When dealing with probability, the term "favorable outcomes" is crucial. It refers to the specific results we are interested in when conducting an experiment or a random event. In the context of rolling two dice, the favorable outcomes are the scenarios where the first number rolled is greater than the second number.
Take, for example, when the first die shows a 2. The only favorable outcome is (2, 1). As you progress to a 3 on the first die, the favorable outcomes increase to (3, 1) and (3, 2). This continues up to when the first die shows a 6, where possible outcomes range from (6, 1) to (6, 5).
This systematic approach to identifying favorable outcomes helps in visualizing how often our desired event occurs and forms the basis for calculating probabilities.

Understanding the total possible outcomes is one of the fundamental steps in calculating probability. When rolling two dice, each die has 6 faces, leading to a combination of outcomes.

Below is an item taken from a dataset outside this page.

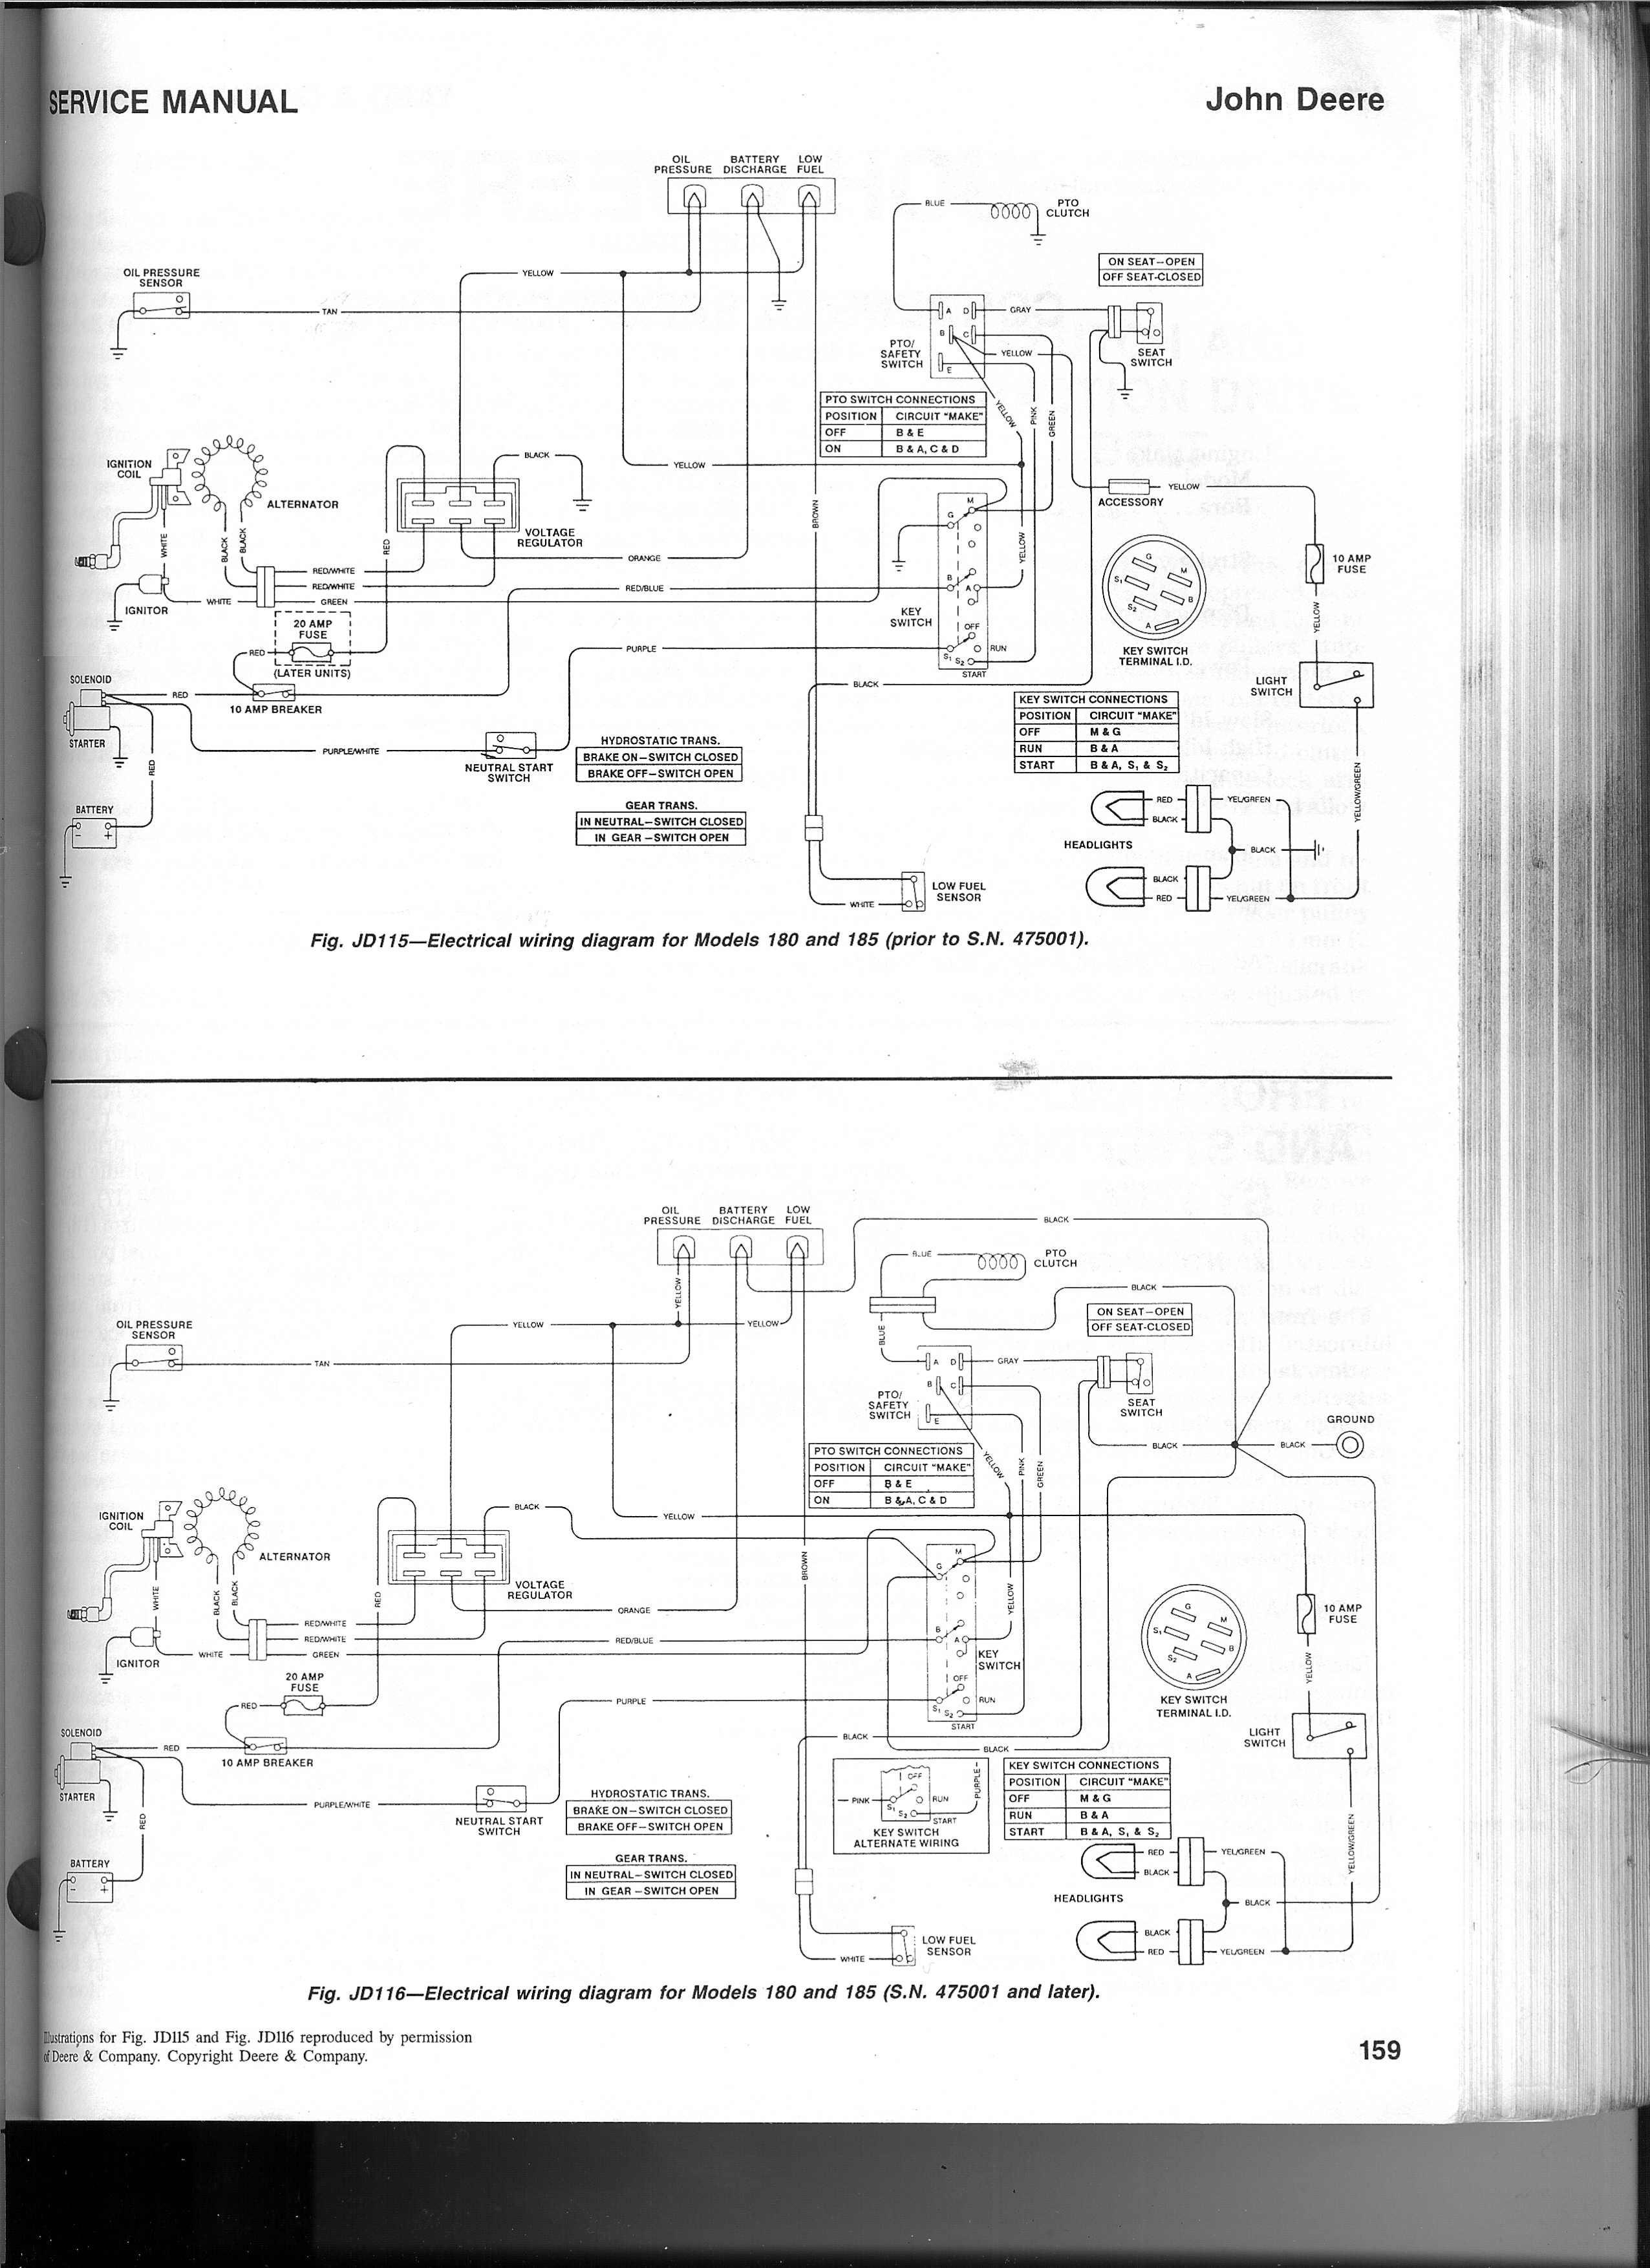 John Deere Gx345 Electrical Diagrams Dh 6213] John Deere Gt235 Wiring Diagram for Free Further Of John Deere Gx345 Electrical Diagrams

To determine the total outcomes, multiply the number of outcomes for the first die by those of the second die. Hence, it would be:

• First die: 6 possible outcomes (1 through 6)
• Second die: 6 possible outcomes (1 through 6)

The total possible outcomes thus become: \[ 6 \times 6 = 36 \]Each outcome corresponds to one of the possible pair wise results of rolling these two dice. Represents every potential permutation of outcomes, allowing us to assess the probability of any set of favorable outcomes.

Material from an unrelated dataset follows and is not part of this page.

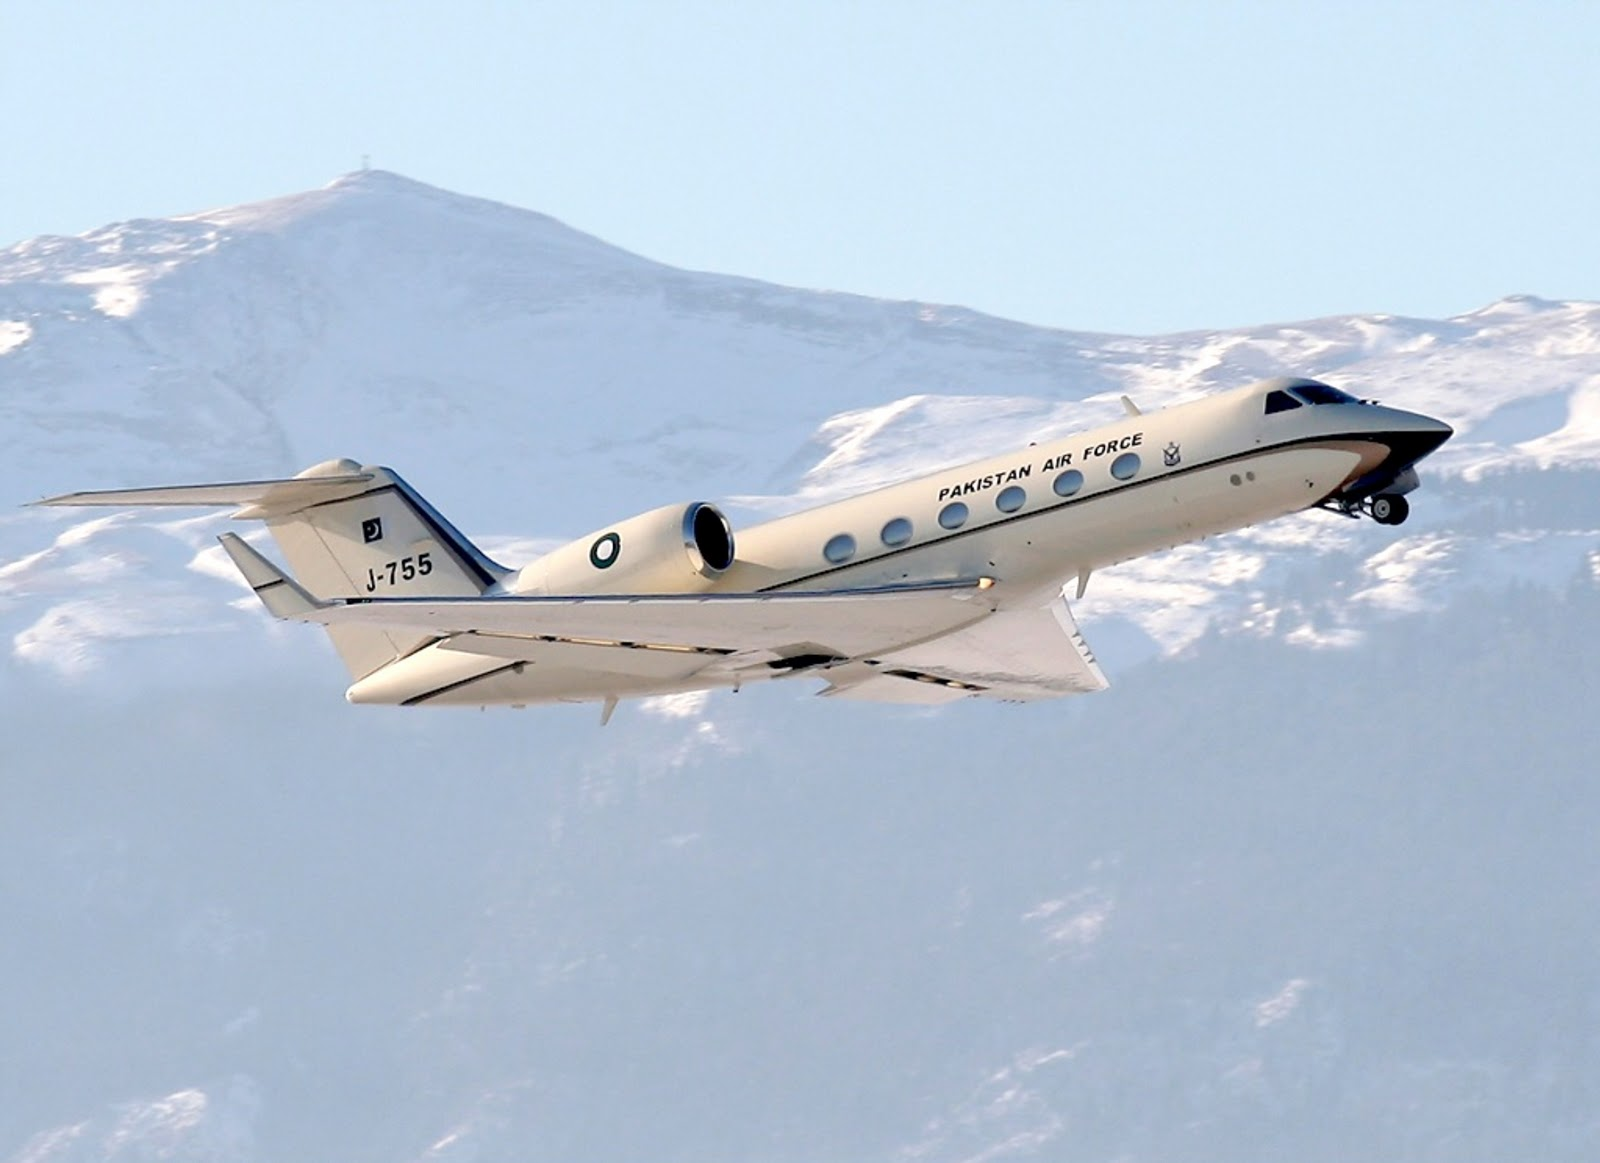 http://1.bp.blogspot.com/-udvSmpvXgVQ/TuiiY-KcjpI/AAAAAAAAHE0/PlZcRKDORYQ/s1600/dassault_falcon_20f_pakistan.jpg

Rolling dice is a classic experiment in probability theory, often used to demonstrate the principles of random events and calculations of probability. Each die has identical faces, numbered from one to six, creating simple, yet numerous combinations when two dice are involved.
Here are a few helpful things to remember about dice rolls:

• Each die rolls independently of the other. The outcome of one does not affect the other.
• Each number on a die is equally likely to occur due to the fairness of the die.

When you roll two dice one after the other, the permutations of results are elaborate yet methodical, as seen with the exercise. This makes it easier to systematically write out and count the outcomes to find probabilities. This methodical approach to dice rolls not only aids in understanding favorable and total possible outcomes, it also serves as an ideal introduction to more complex probability problems.